Все последующие дни, казалось, сам воздух пел, когда я хлопотала по хозяйству. Я воспряла не только от нахлынувшего счастья; сделав мне предложение, Виктор наконец дал мне возможность показать, что он заслужил полное мое прощение. Я хотела, чтобы он знал: его грубая оплошность, положившая конец нашей юной близости, давно забыта мною. Я радовалась, видя, как исчезает тень вины с его лица. Мы сознавали, что предстоящая женитьба не вернет того дивного блаженства, какое мы однажды испытали, что она не будет той женитьбой, какой желала нам наша матушка, — браком на небесах. Но это будет брак двух сердец, желанный и прочный. И этого достаточно.

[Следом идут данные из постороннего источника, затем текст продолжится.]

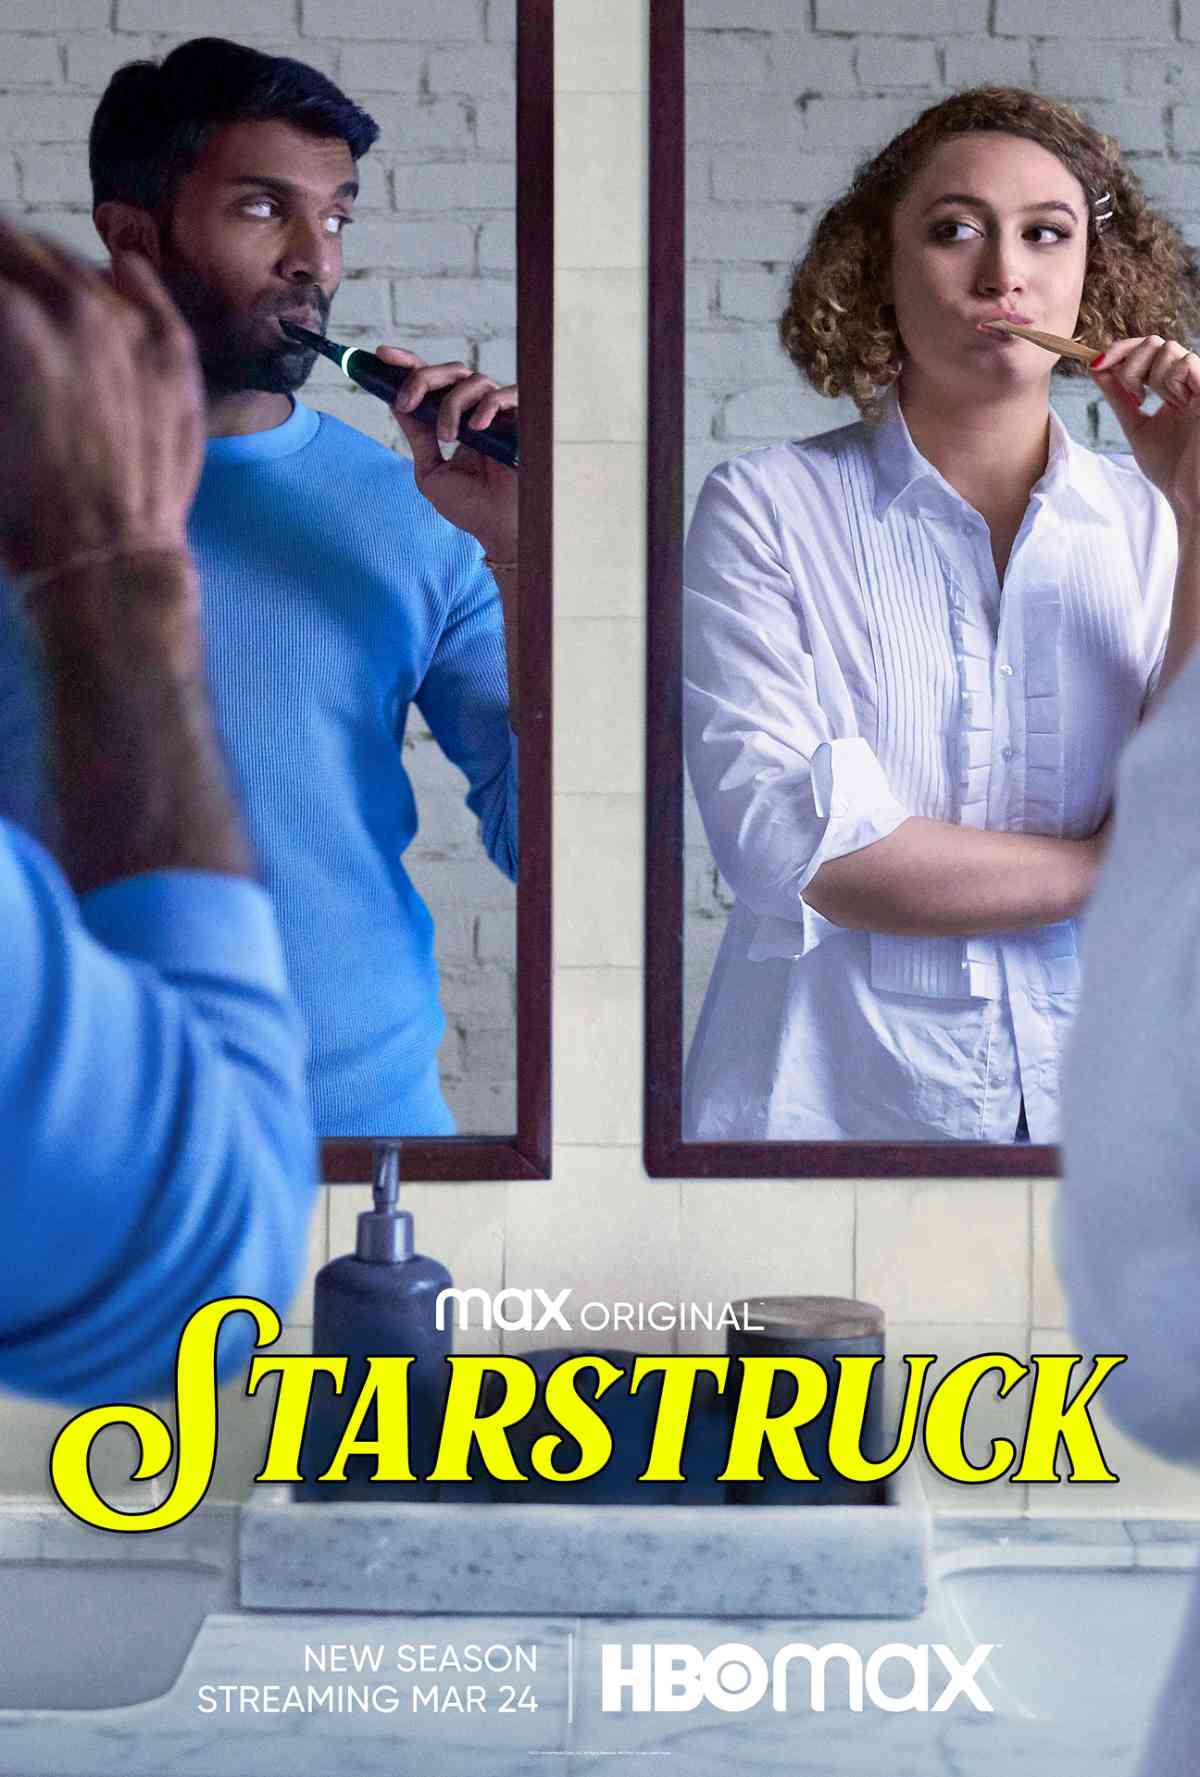 Starstruck Season 2

Я хотела, чтобы первой, кроме семьи, о моем счастье узнала Франсина; я послала ей письмо, умоляя приехать, как только сможет. Оно попало ей в руки лишь после ее возвращения с Шарлем из поездки по приходам. Но между отправкой письма и его получением мир может перевернуться; так случилось и в этот раз. К тому времени, когда Франсина собралась в дорогу, все мои надежды рухнули и их осколки лежали у моих ног. Ничего не оставалось, как с тяжелым сердцем сообщить ей: свадьба не состоится. Несчастье обрушилось на меня, словно слепая ярость Природы, гром или буря, которая разрушает, но не дает объяснений.